Cable / Telecom News

Bell looks to raise $1B through debenture offer


MONTREAL – Bell Canada announced the public offering of $1 billion worth of medium term debentures to pre-fund its debt repayments.

The debentures, which will be dated June 29, 2009 and mature on June 30, 2014, will be issued for $99.842 for a yield to the investor of 4.886% compounded semi-annually. Bell Canada parent BCE Inc. will “fully and unconditionally” guarantee the debentures, the press release read.

A prospectus supplement to the short form base shelf prospectus dated June 13, 2007, will be filed with the various securities regulatory authorities in all of the provinces of Canada.

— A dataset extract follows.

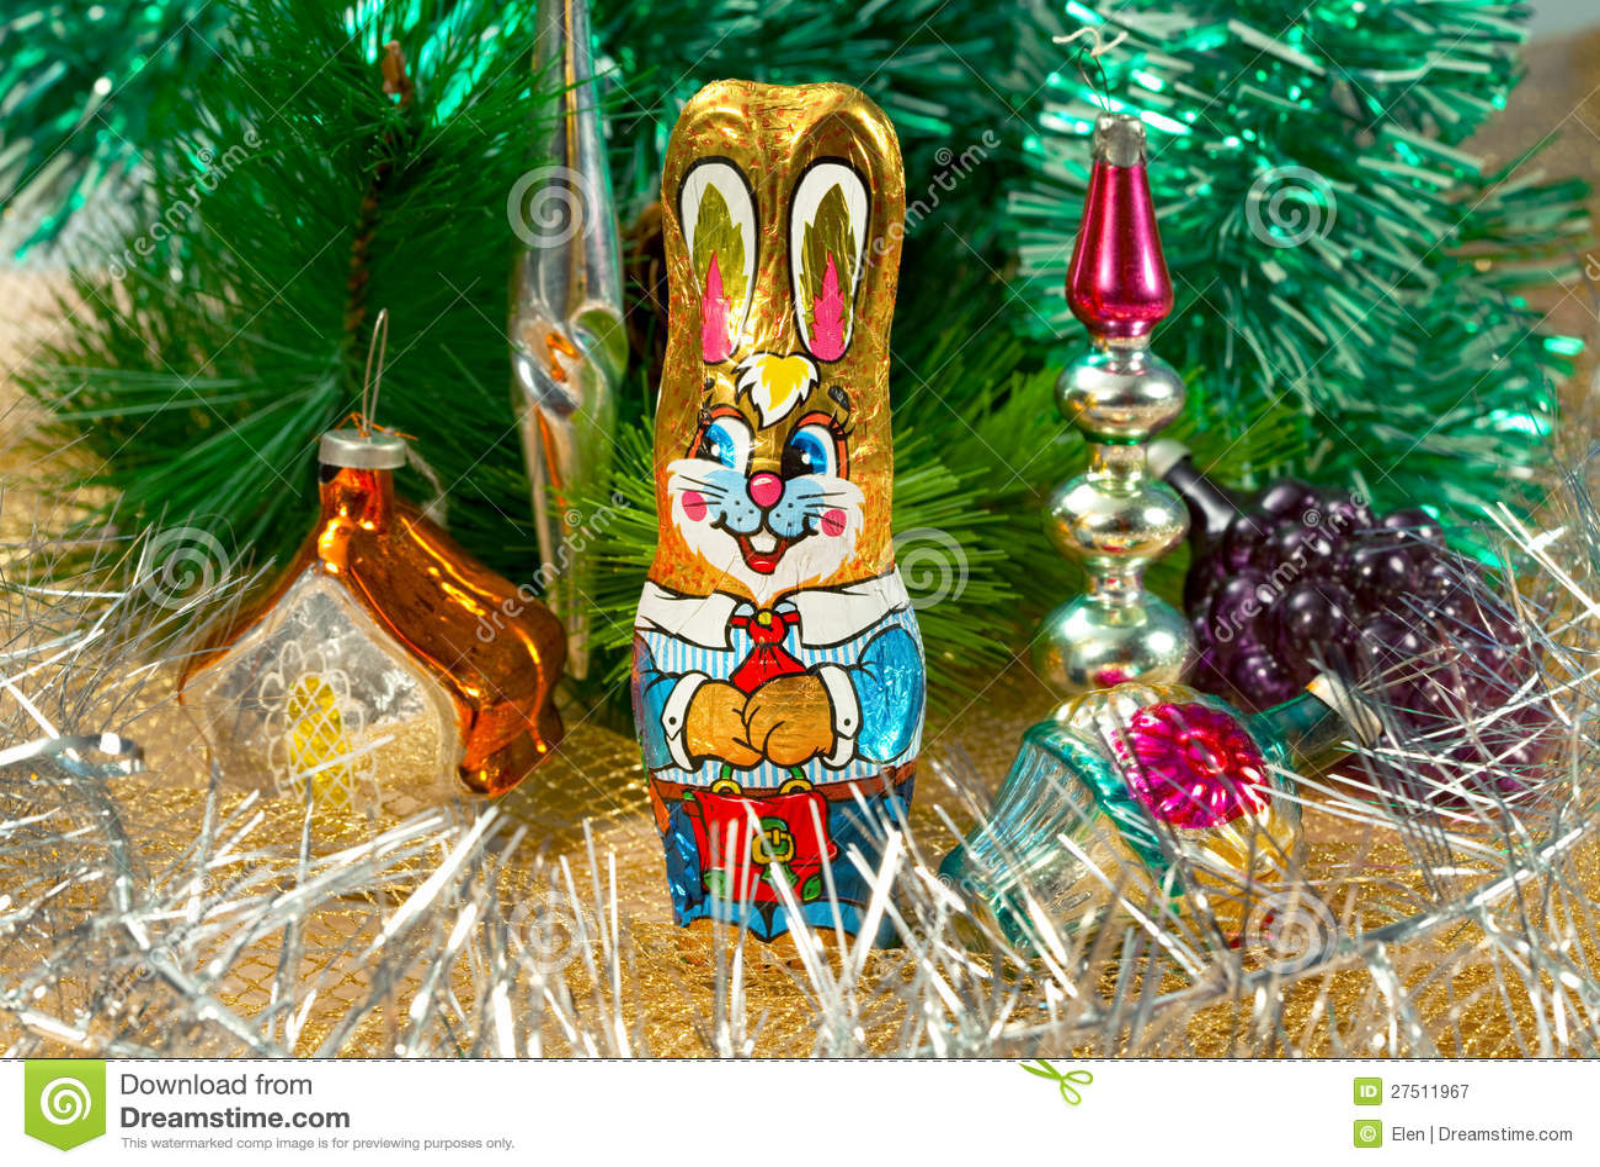 Chocolate rabbit and christmas decorations royalty free for Chocolate christmas decorations

Moody’s Investors Service gave the senior unsecured notes a Baa1 rating, the same rating as the company’s existing senior unsecured debt obligations.

"We expect that Bell Canada will use the proceeds of the new debt issue to pre-fund 2009 and 2010 debt maturities and that any surplus will be used for purposes that either reduce non-debt liabilities or enhance the company’s cash flow generating capacity" said Moody’s vice president and senior credit officer Bill Wolfe, in a statement.

Calling the transaction “opportunistic”, Wolfe also noted that Bell did not need to raise funds in order to repay near term debt maturities.